Rating Rationale
June 10, 2024 | Mumbai
Mangalore Refinery and Petrochemicals Limited
Ratings Reaffirmed
 
Rating Action
Total Bank Loan Facilities RatedRs.1000 Crore
Short Term RatingCRISIL A1+ (Reaffirmed)
 
Rs.2060 Crore Non Convertible DebenturesCRISIL AAA/Stable (Reaffirmed)
Corporate Credit RatingCRISIL AAA/Stable (Reaffirmed)
Rs.5000 Crore Commercial PaperCRISIL A1+ (Reaffirmed)
Note: None of the Directors on CRISIL Ratings Limited’s Board are members of rating committee and thus do not participate in discussion or assignment of any ratings. The Board of Directors also does not discuss any ratings at its meetings.
1 crore = 10 million
Refer to Annexure for Details of Instruments & Bank Facilities

Detailed Rationale

CRISIL Ratings has reaffirmed its CRISIL AAA/Stable/CRISIL A1+' ratings on the bank facilities and debt instruments of Mangalore Refinery and Petrochemicals Limited (MRPL). The corporate credit rating is also reaffirmed at 'CRISIL AAA/Stable.

 

The ratings continue to take comfort from the strong operational, financial, and managerial support the company receives from its parent, Oil and Natural Gas Corporation Limited (ONGC).
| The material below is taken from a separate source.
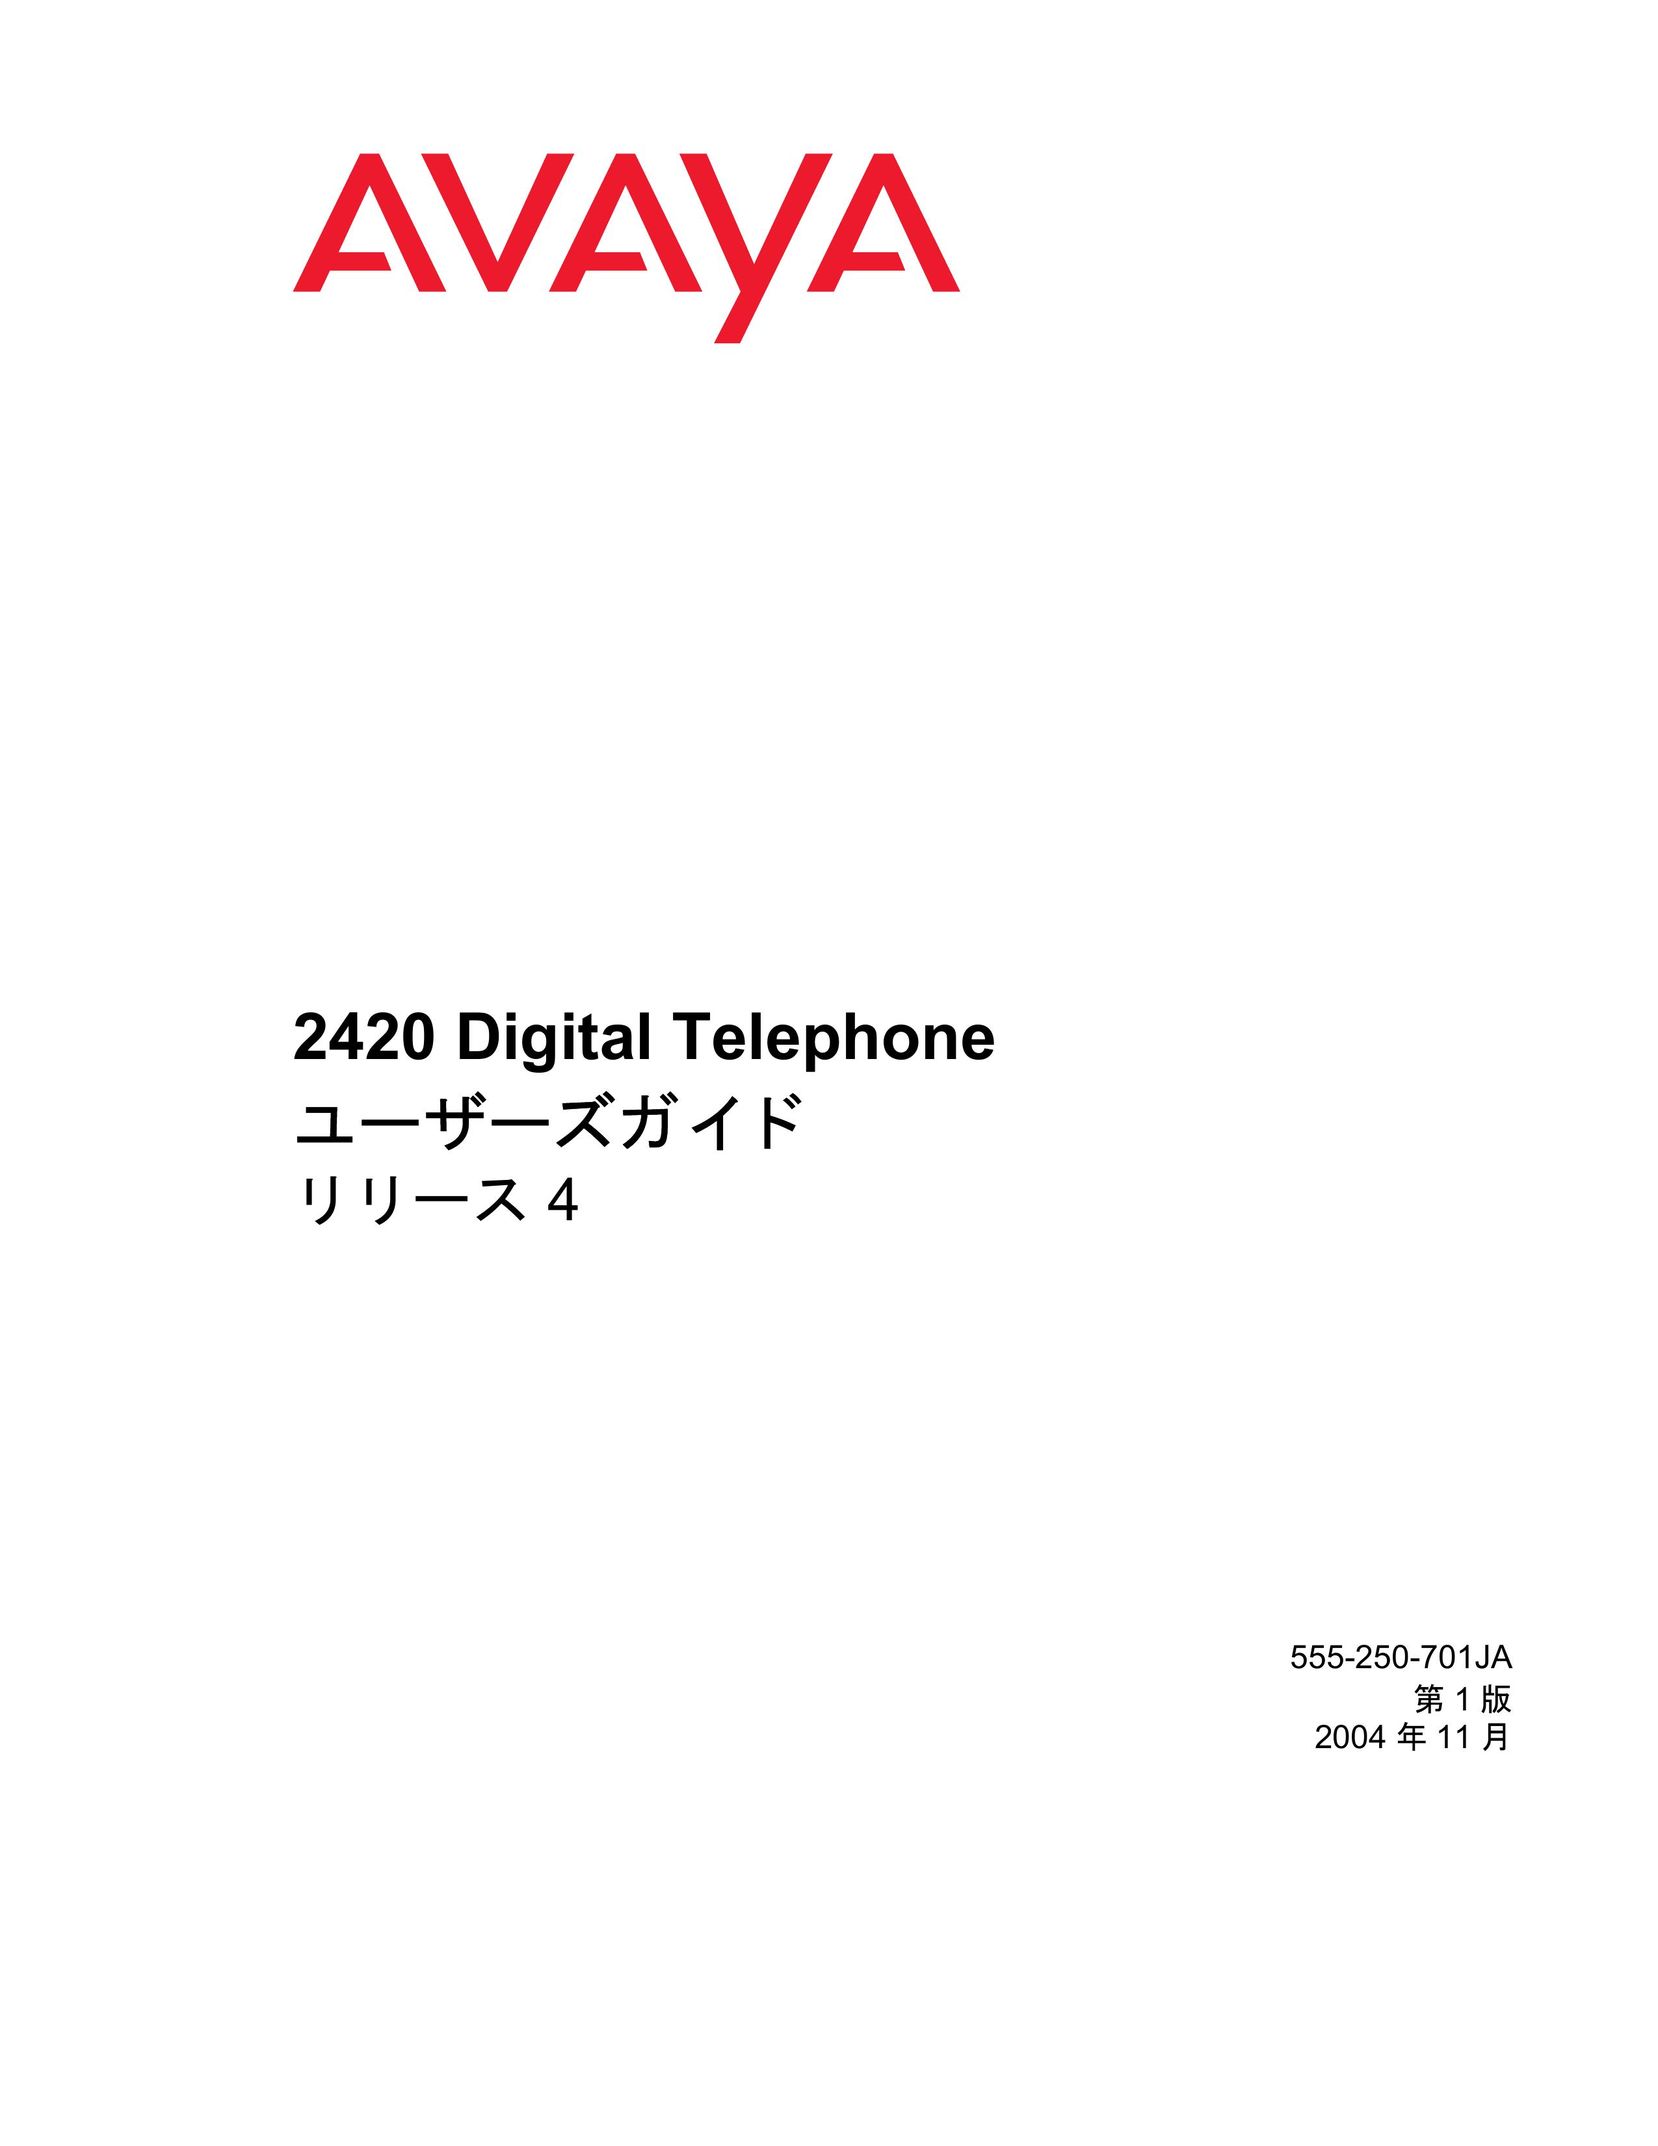 Avaya 2420 Cell Phone User Manual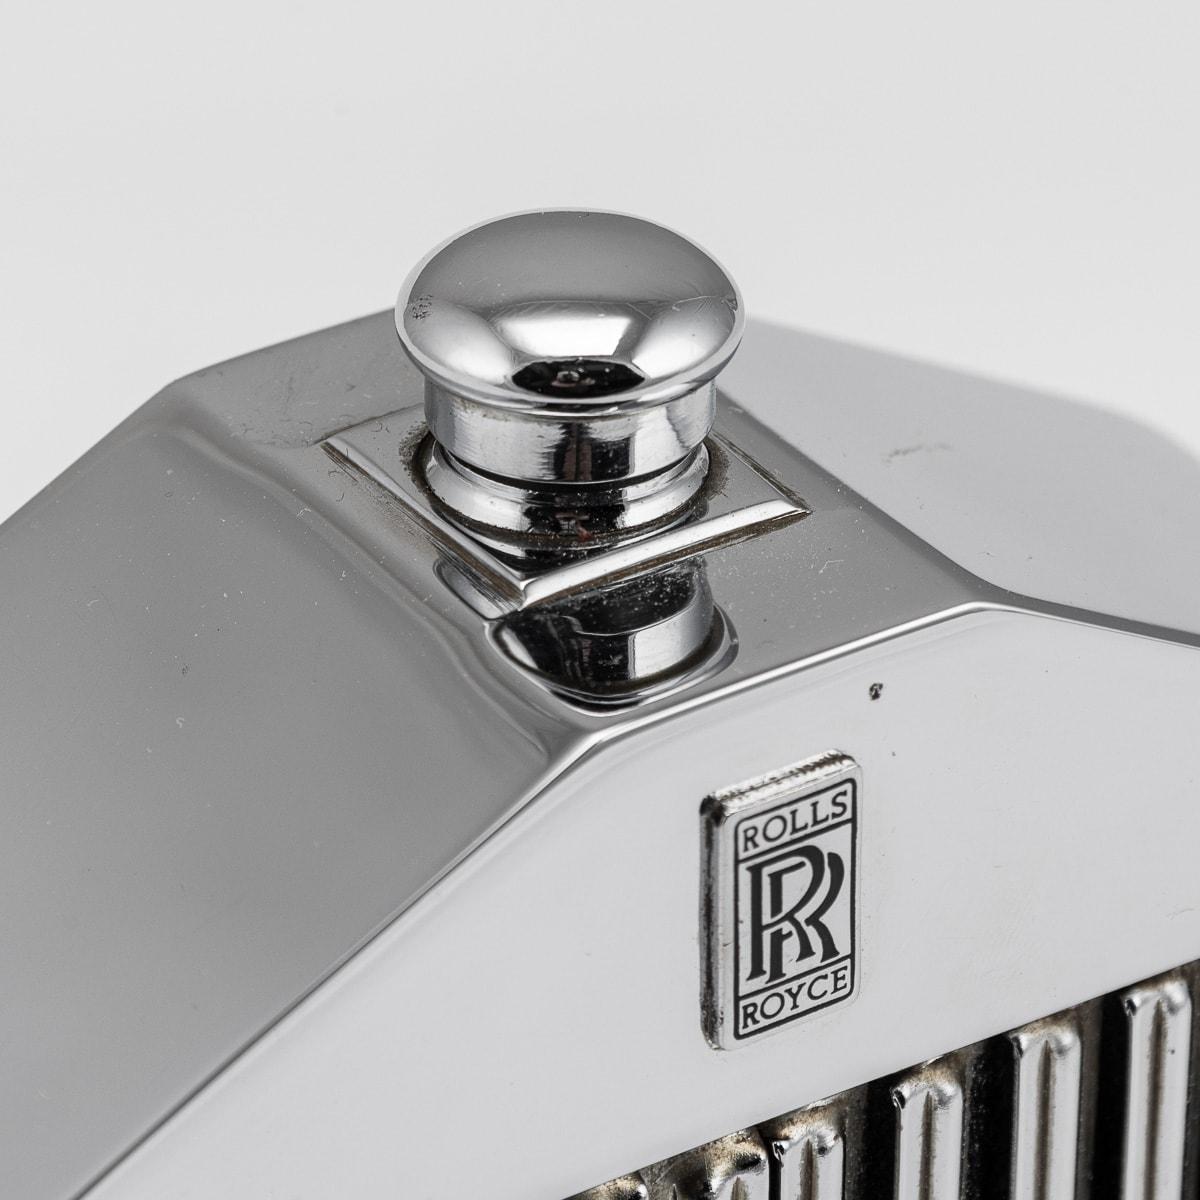 20th Century Stylish Ruddspeed Rolls Royce Radiator Flask / Decanter c.1960 1

MRPL continues to remain strategically important to its parent’s strategy of being an integrated oil and gas entity with presence established across the entire oil and gas value chain.

 

Robust physical performance with strong utilisation and healthy GRM (Gross Refining Margin) has translated into healthy financial performance in fiscal 2024. The company reported second best year of throughput of 16.6 MMT at 111% utilisation, moderating only marginally from fiscal 2023 while GRM (including inventory gains and losses) improved to $10.36 per barrel from $9.88 per barrel last fiscal. Earnings before interest, tax, depreciation and amortisation (Ebitda) rose ~20% to Rs 7,901 crore in fiscal 2024. Over the medium term, company’s GRM is expected to be healthy and in-line with product crack spread in the international markets.

 

Strong cash generation also supported debt repayment of Rs 5,135 crore, which reduced gross debt to Rs 12,452 crore as on March 31, 2024. Resultantly, gearing improved to 0.97 time as on March 31, 2024, from 1.77 times as on March 31, 2023; while adjusted interest coverage ratio improved to ~7.1 times for fiscal 2024 from 5.17 times previous fiscal. The company incurred capital expenditure (capex) about Rs 1,600 crore on various small projects during the fiscal. Over the medium term, healthy operating performance and cash accrual should be sufficient to fund capex needs, upcoming debt as well as planned investments; with successive moderation in debt levels keeping financial risk profile healthy. The company continues to derive financial flexibility from being a part of the ONGC group and its ability to access capital markets, which enables it to raise funds at a short notice on favourable rates.

Analytical Approach

The ratings centrally factor in the strategic importance of the company to, and strong support from, its parent, ONGC.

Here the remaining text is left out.